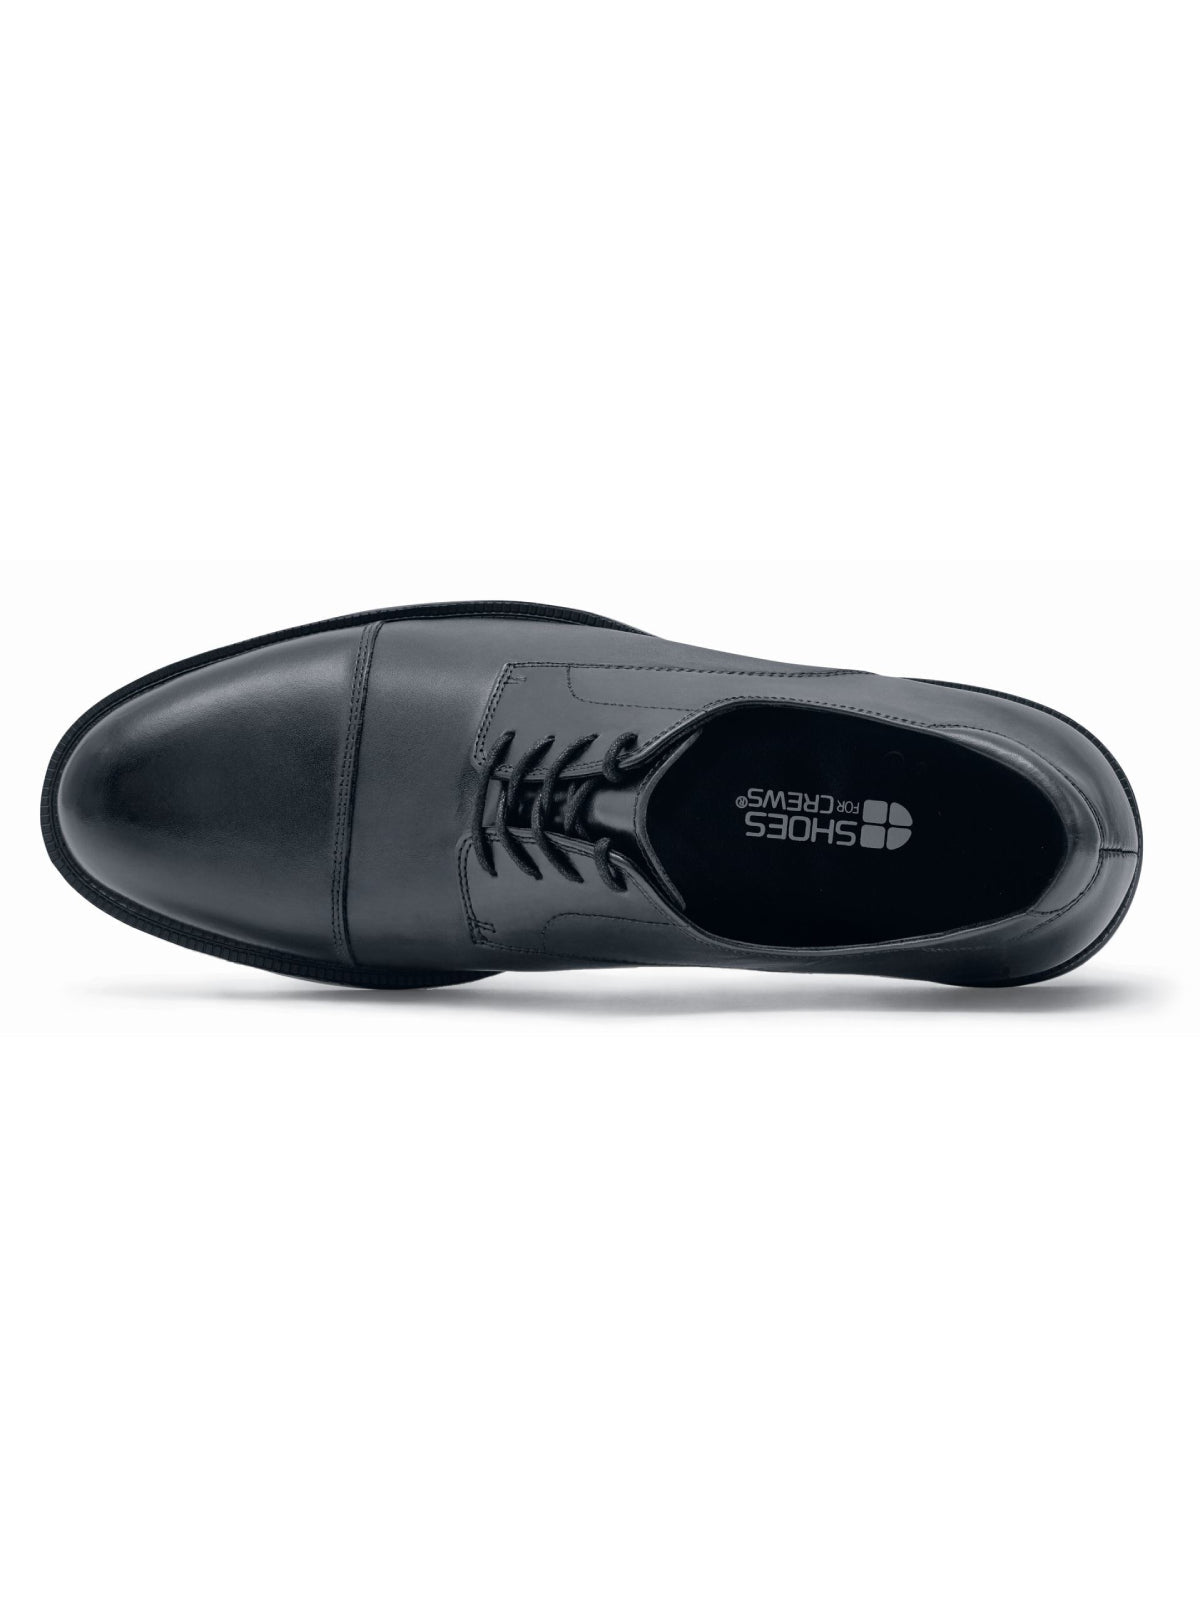 Men's Work Shoe Senator Black by Shoes For Crews -  ChefsCotton
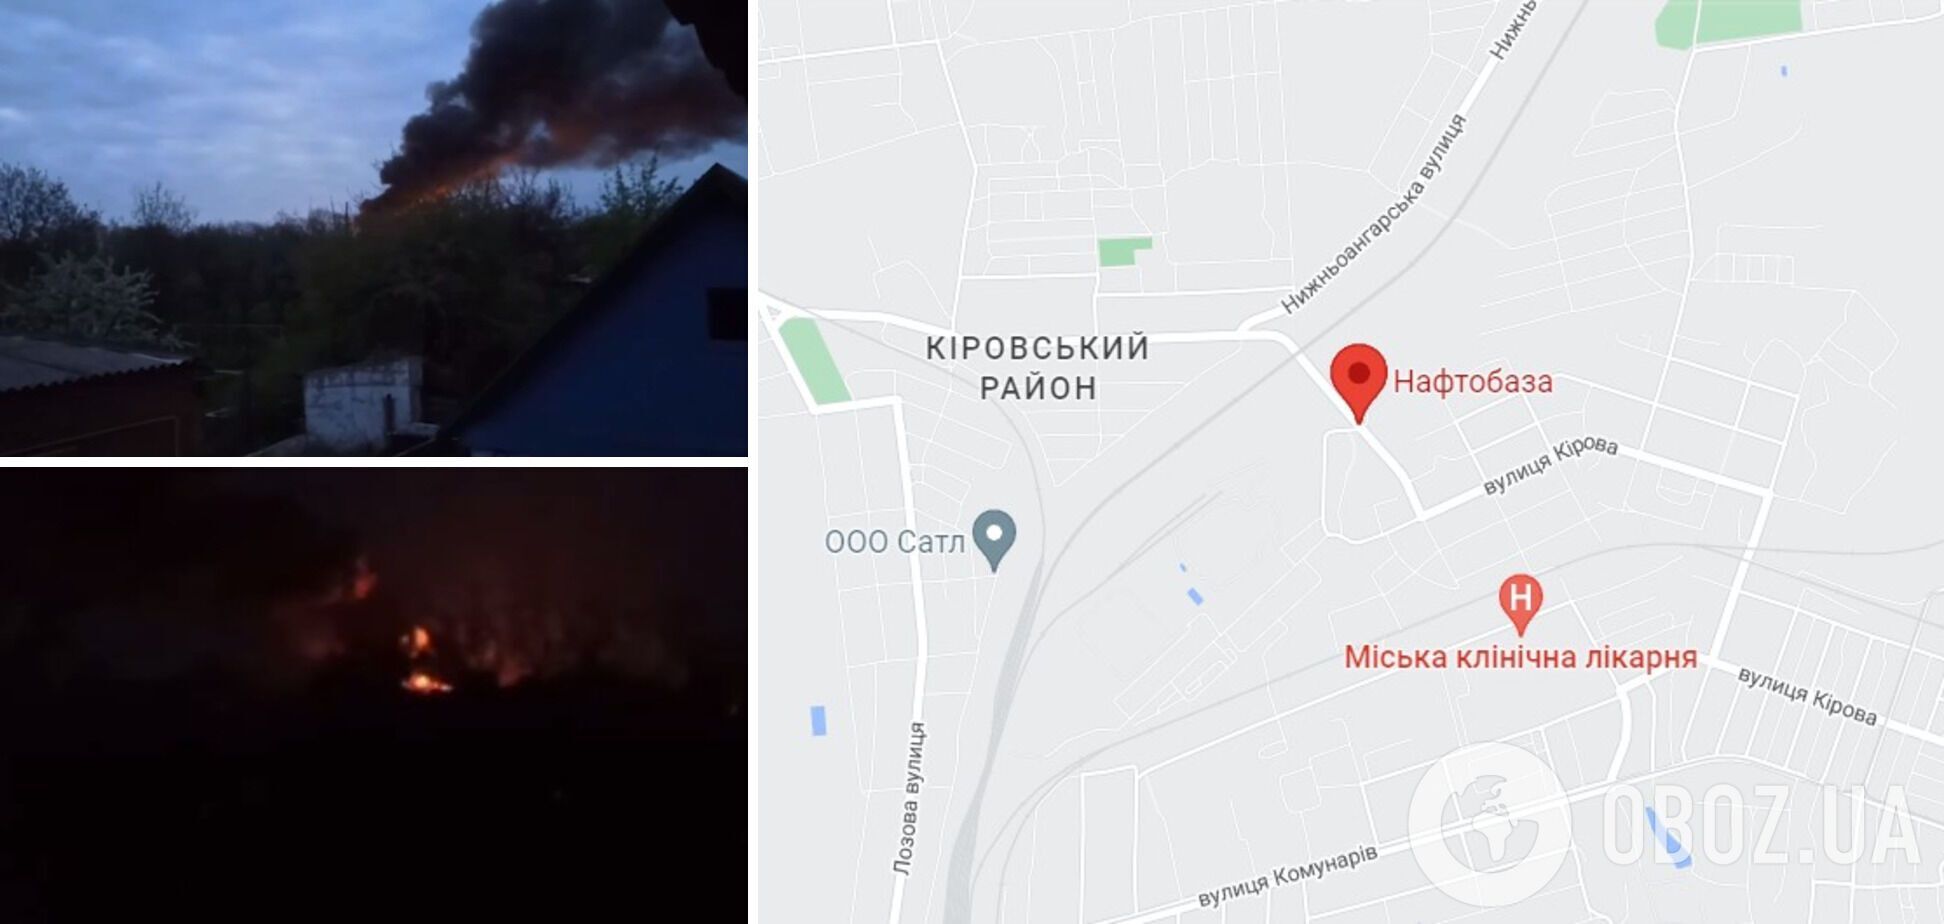 Пожежа спалахнула на нафтобазі у Кіровському районі Донецька
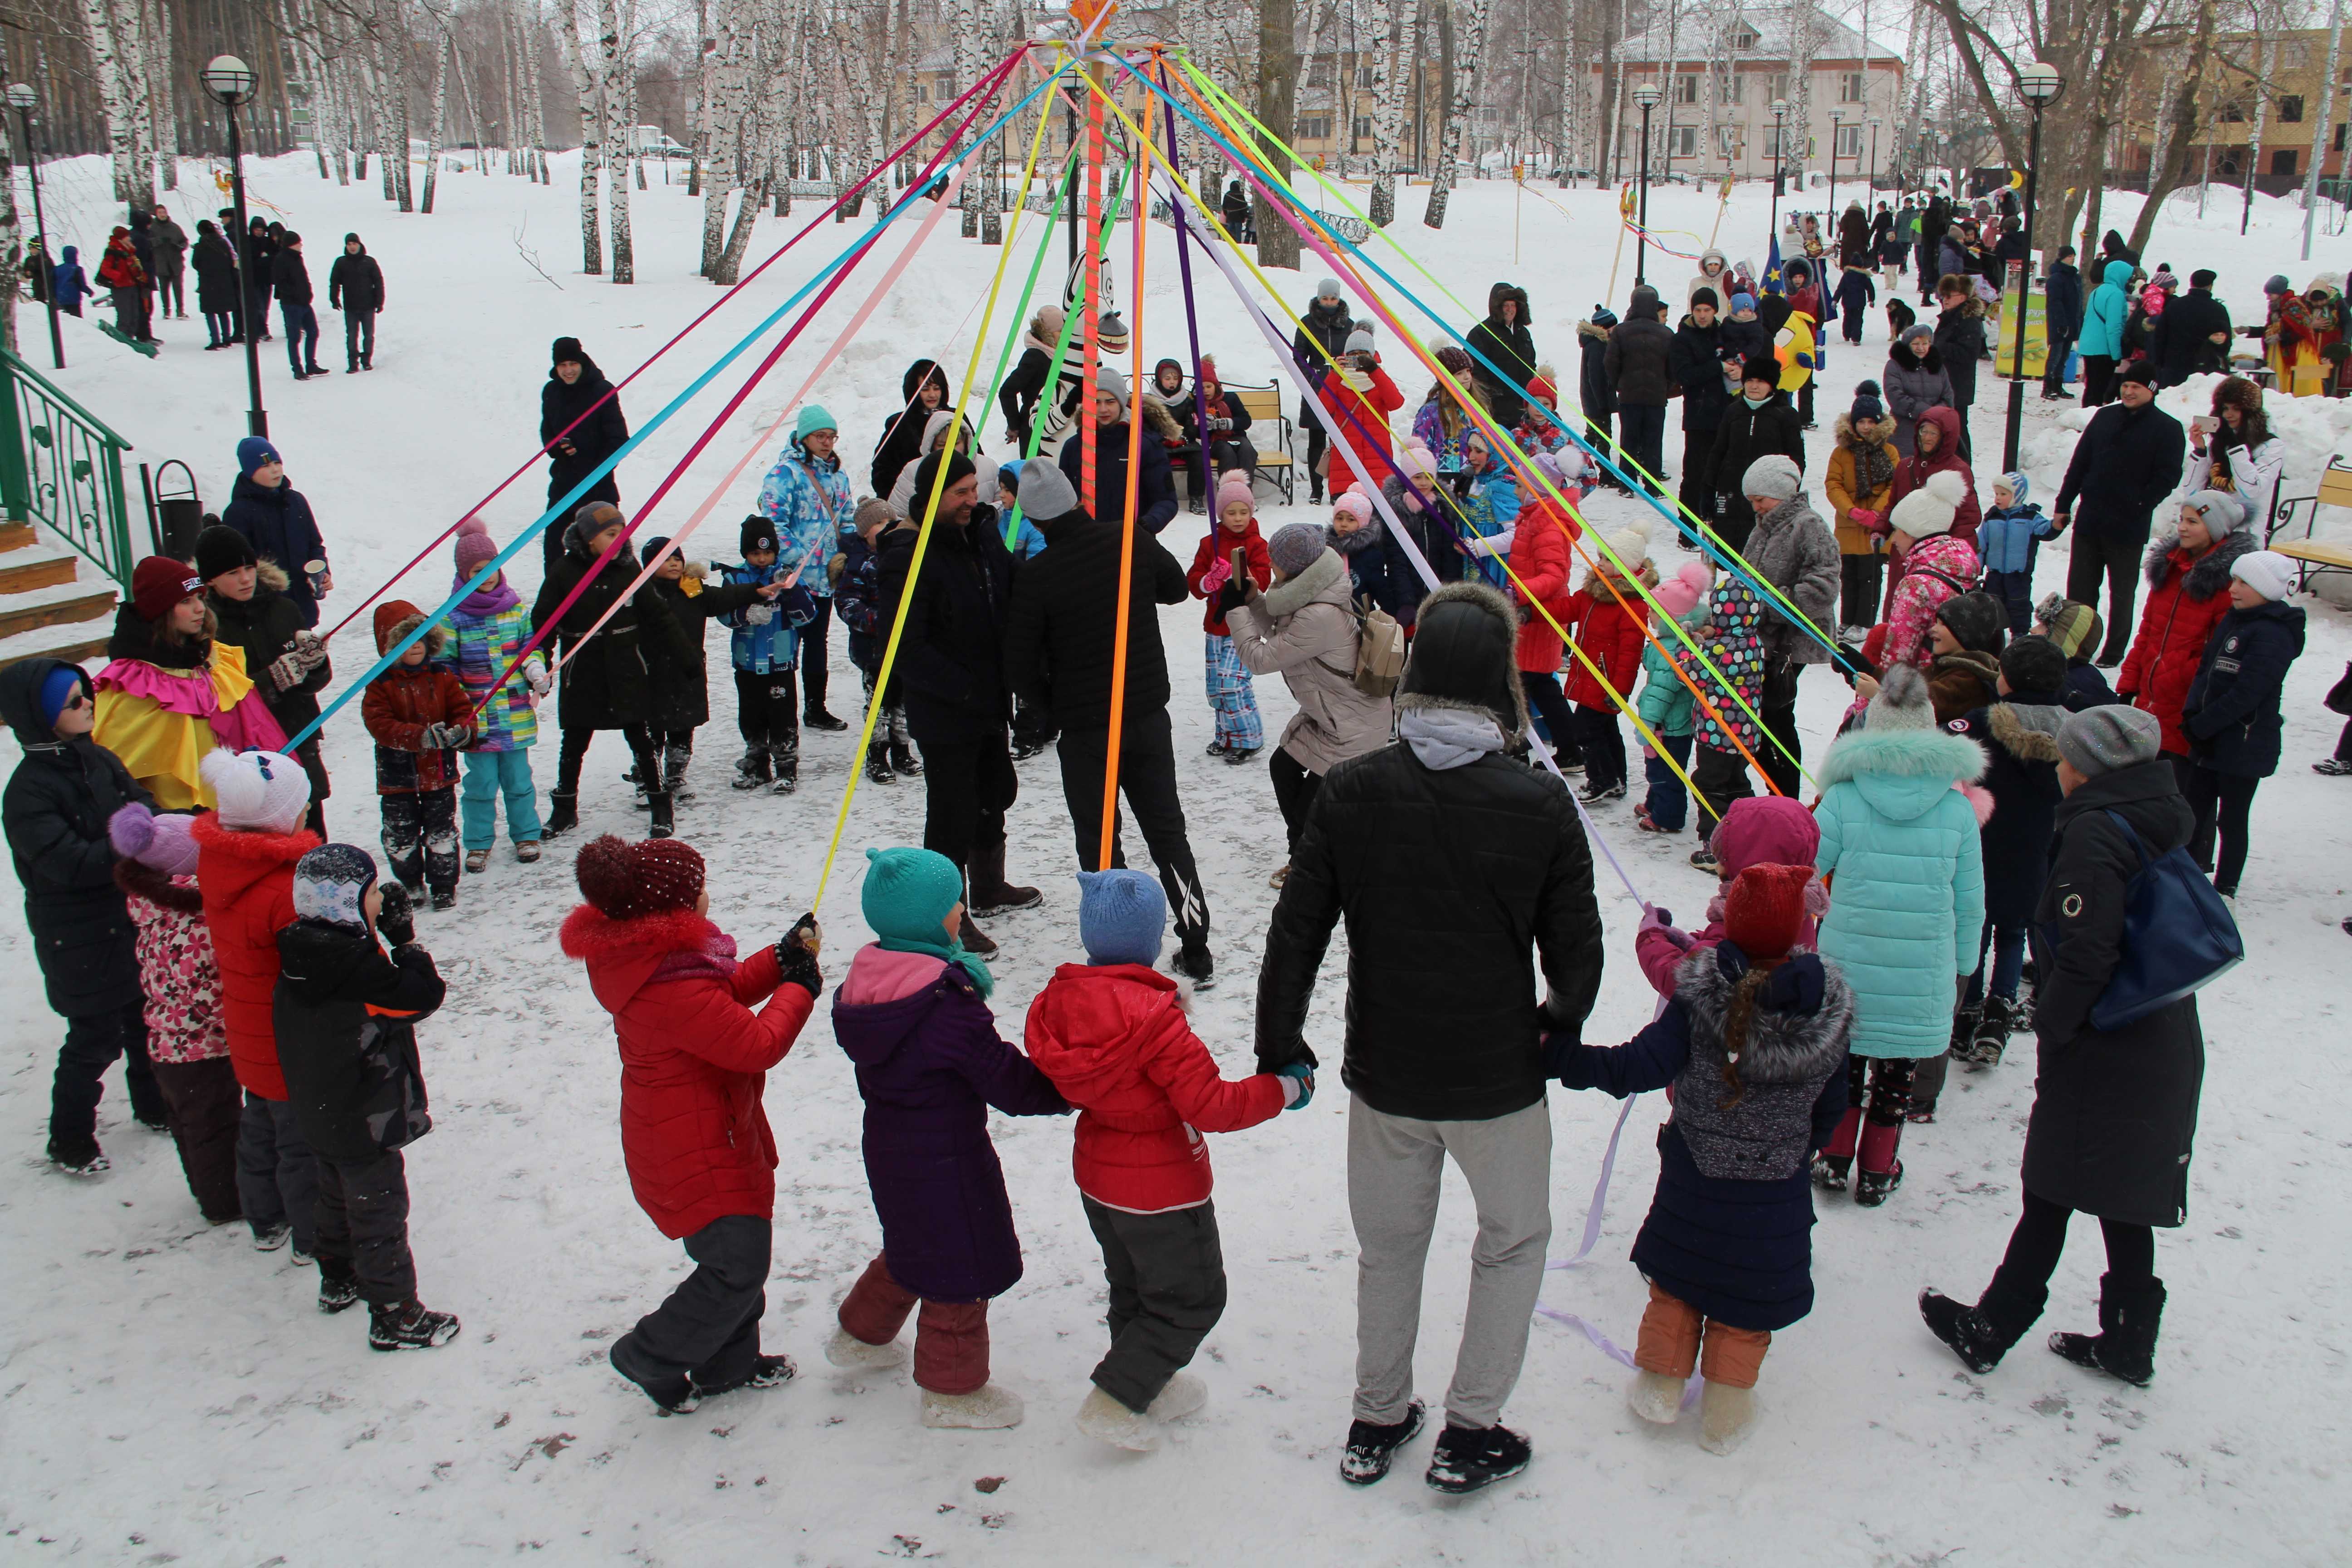 Игры для детей на масленицу на улице - лучшее решение для увлекательного мероприятия | блог valsport.ru

→ PROMPT: Return only what lies between the line containing "Пожежа спалахнула на" and the last line of the listing, those two lines included, exactly as written and with no pictures.

→ SOLUTION:
 Пожежа спалахнула на нафтобазі у Кіровському районі Донецька
 Игры для детей на масленицу на улице - лучшее решение для увлекательного мероприятия | блог valsport.ru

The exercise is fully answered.